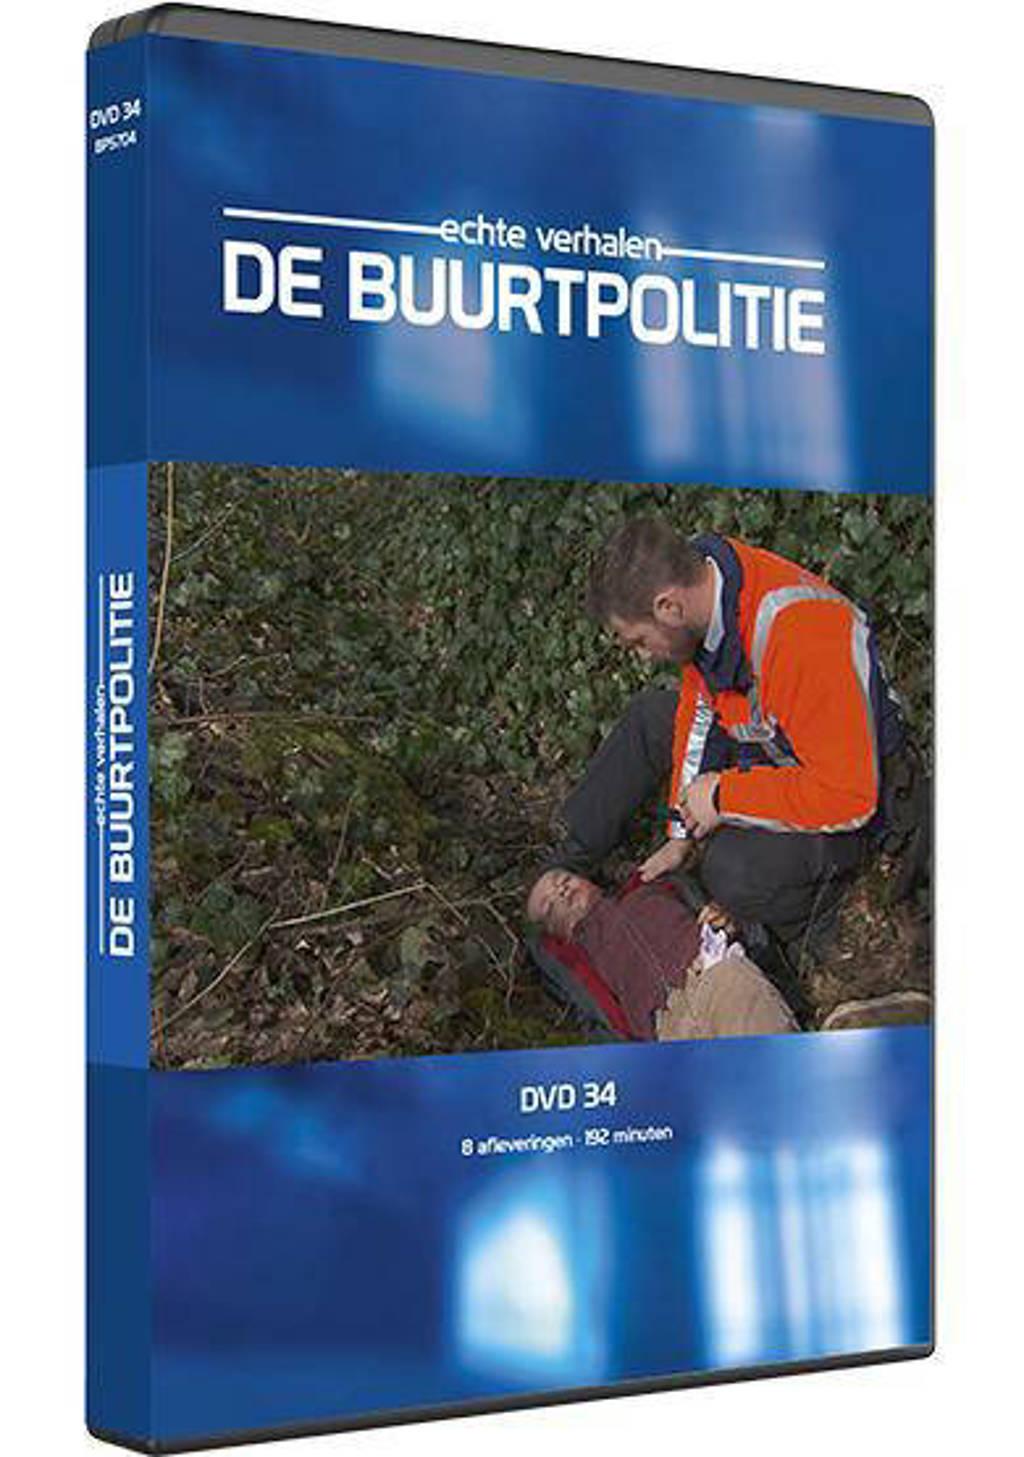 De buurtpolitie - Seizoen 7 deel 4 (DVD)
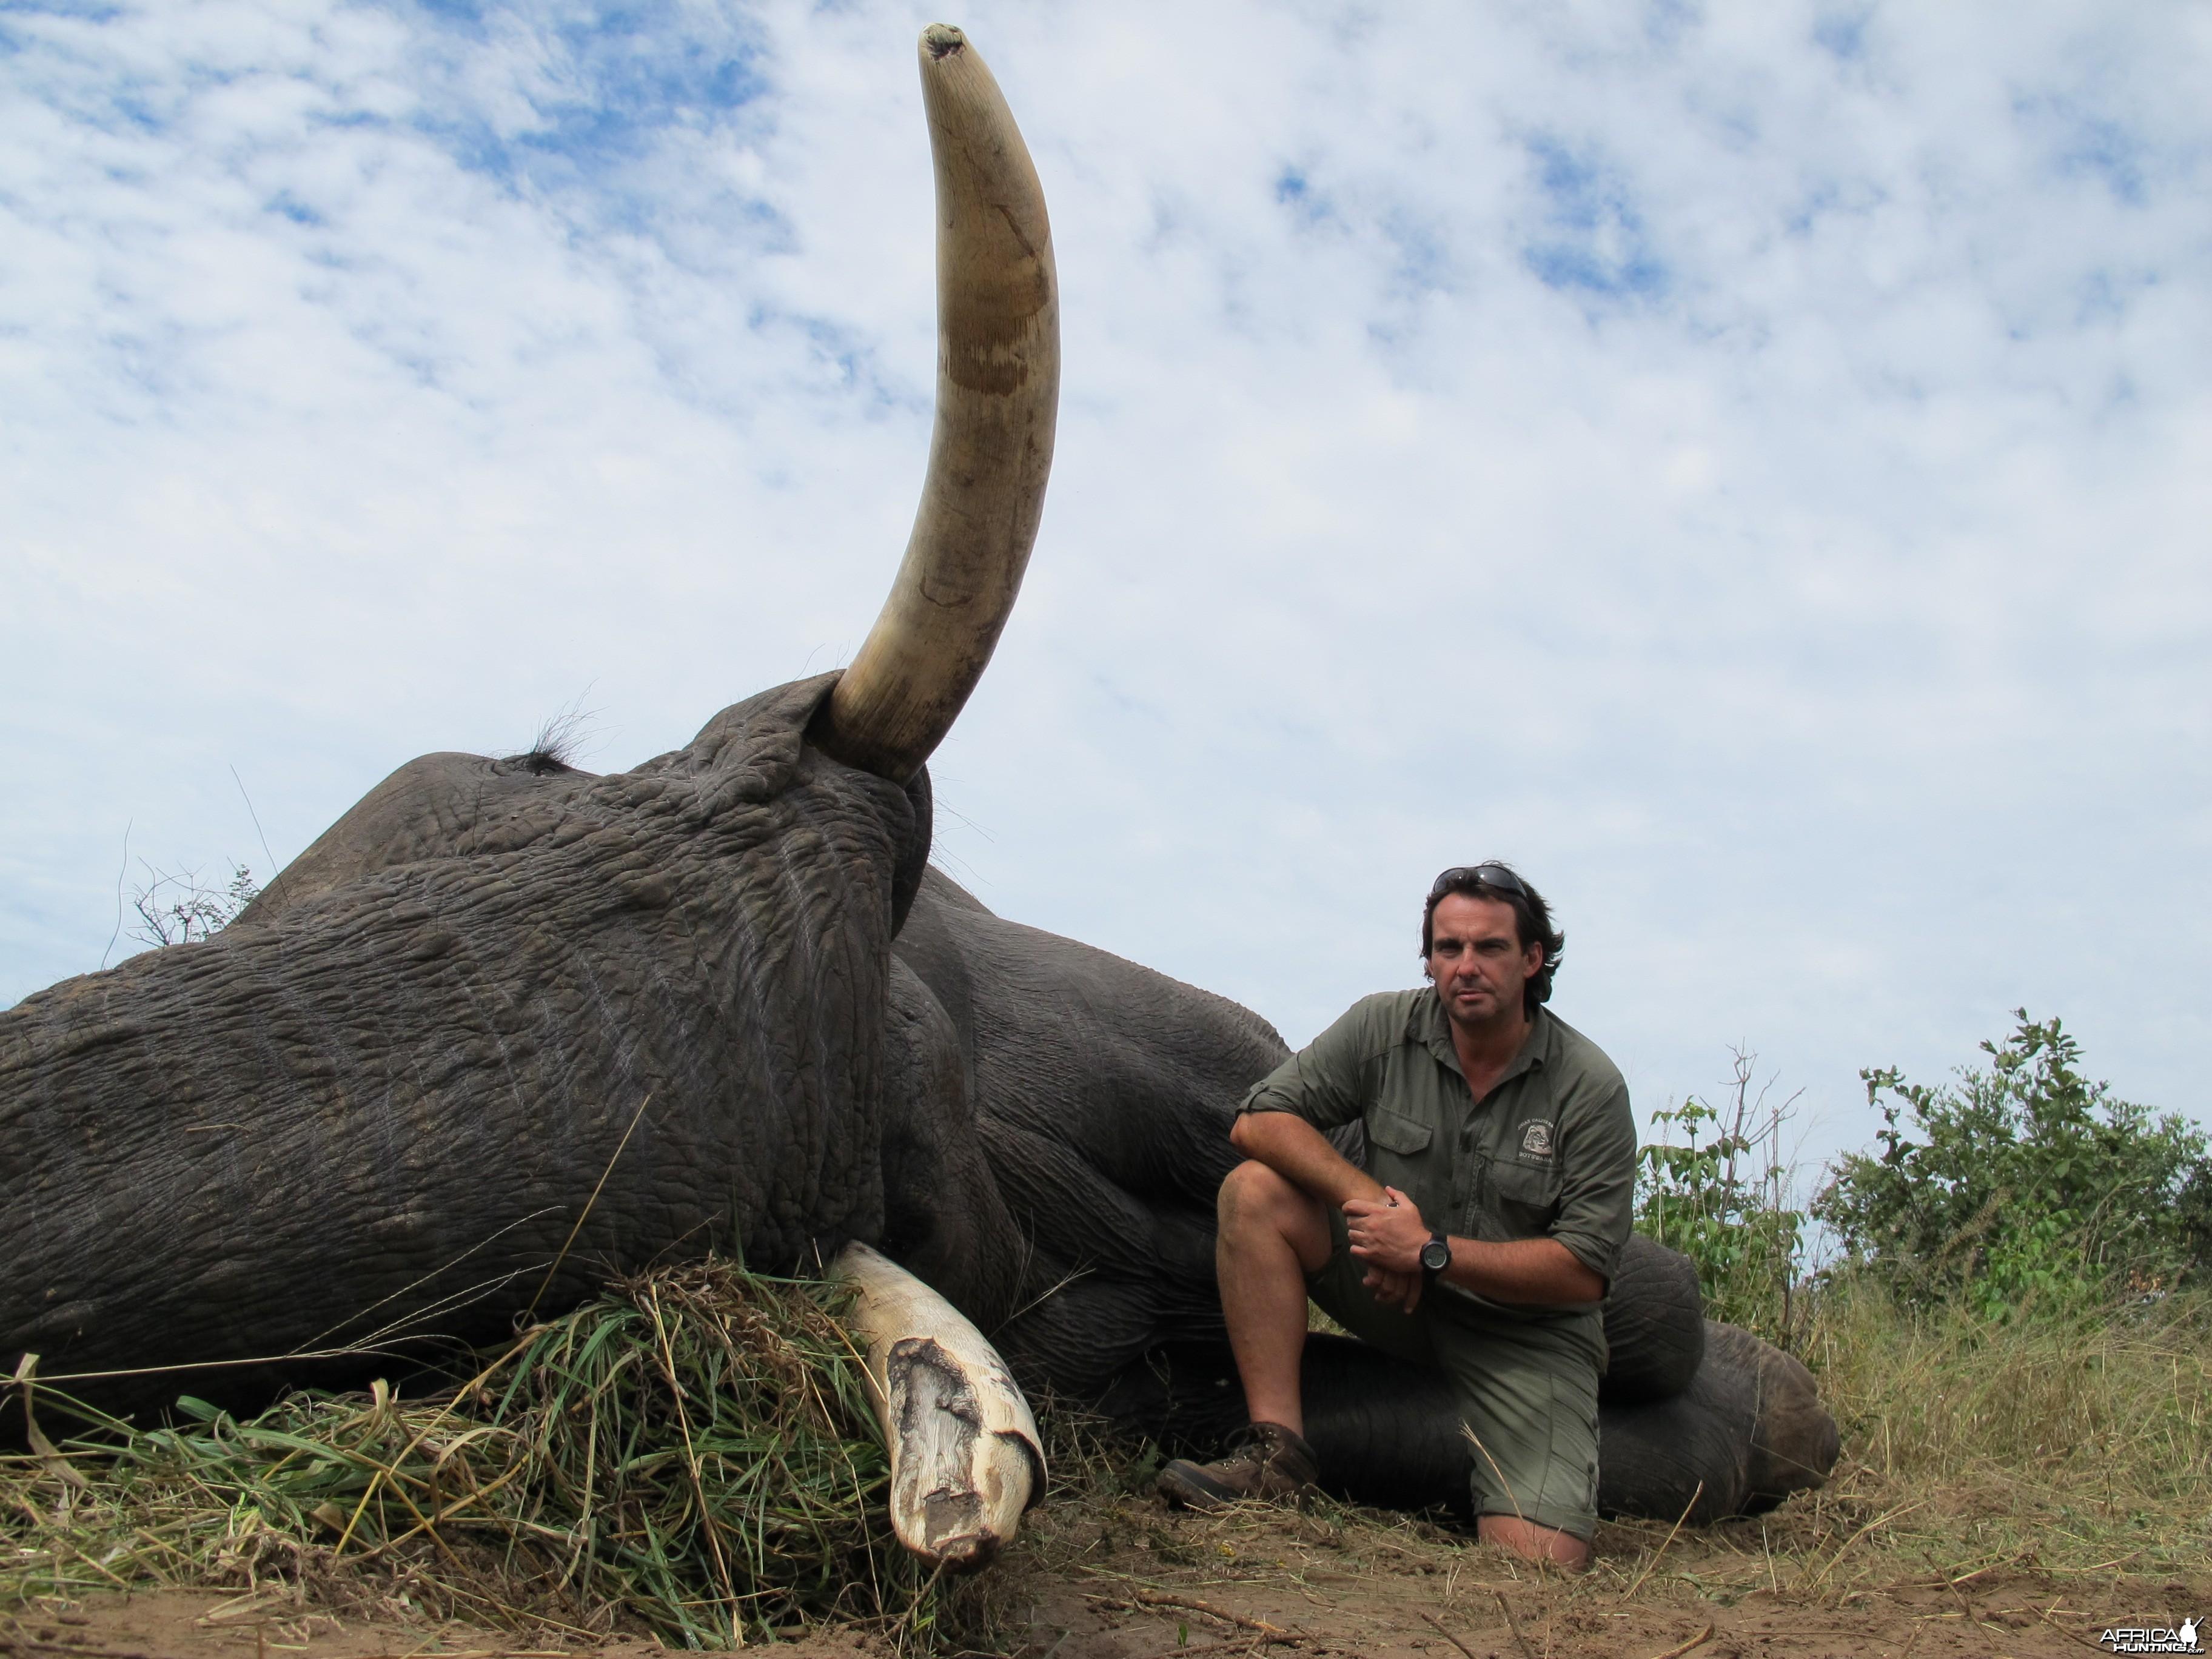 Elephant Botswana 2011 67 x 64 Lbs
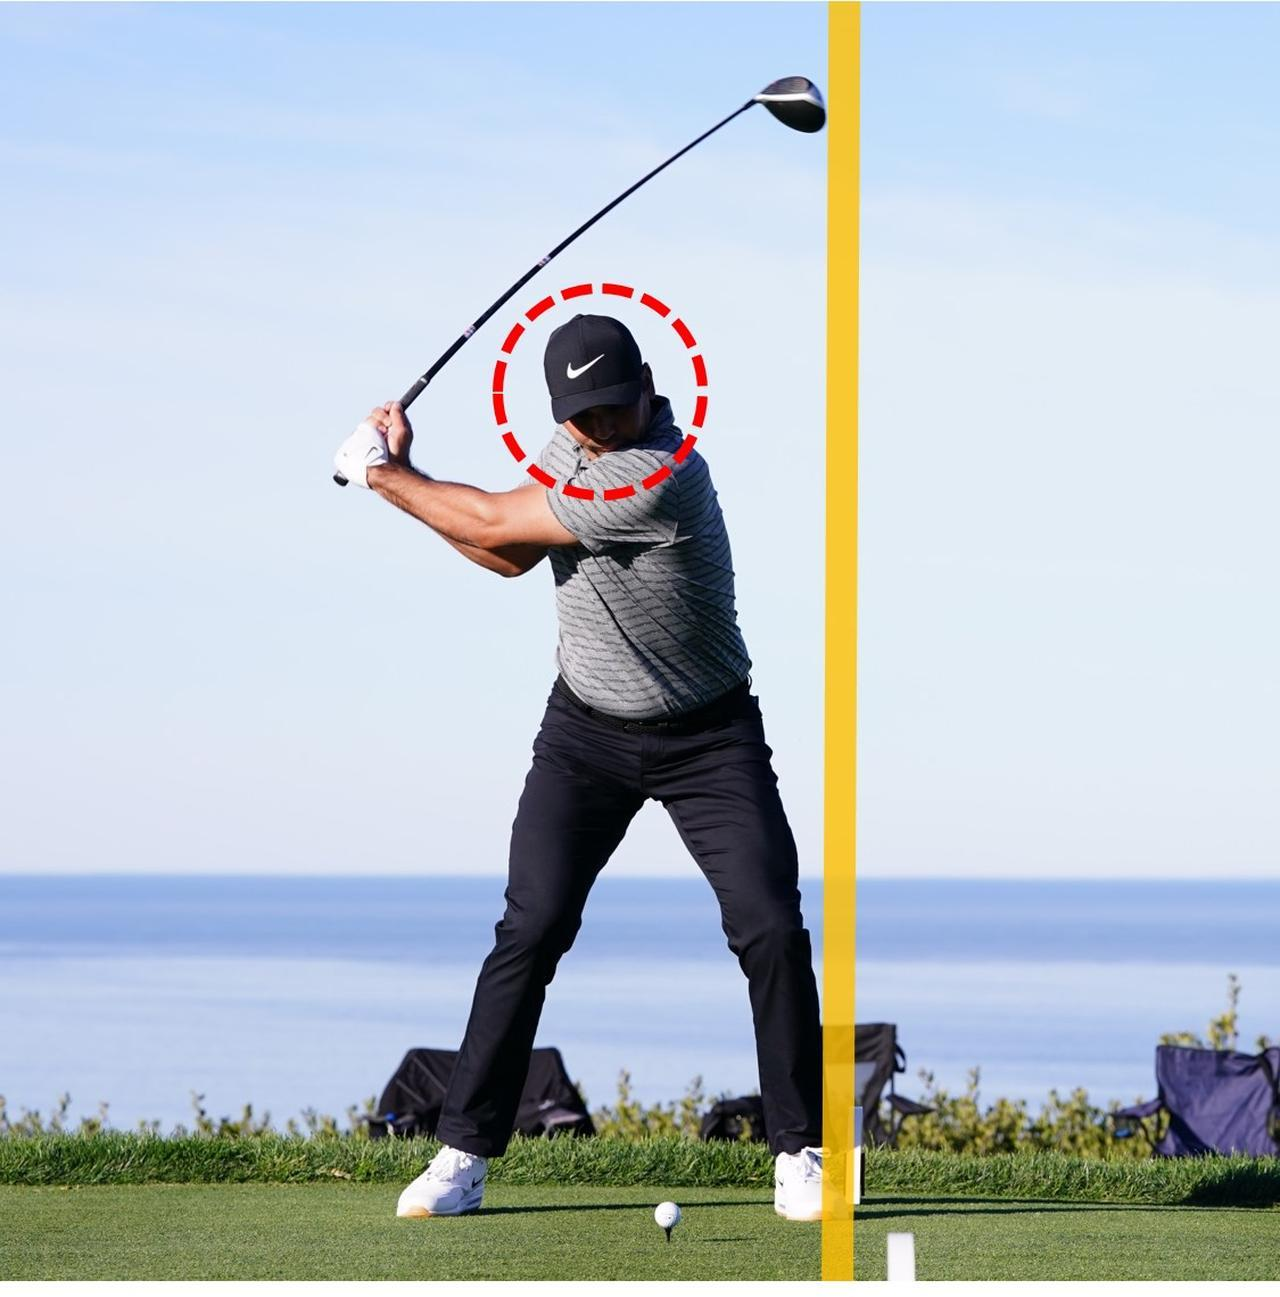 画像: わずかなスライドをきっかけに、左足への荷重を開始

**Instructions to follow:** Restate word for word, please, the line containing "Elephant Botswana 2011 67 x 64 Lbs" and all lines after it through the end of the material; the pictures do not belong in the copy.

**Solution below:**
 Elephant Botswana 2011 67 x 64 Lbs
 画像: わずかなスライドをきっかけに、左足への荷重を開始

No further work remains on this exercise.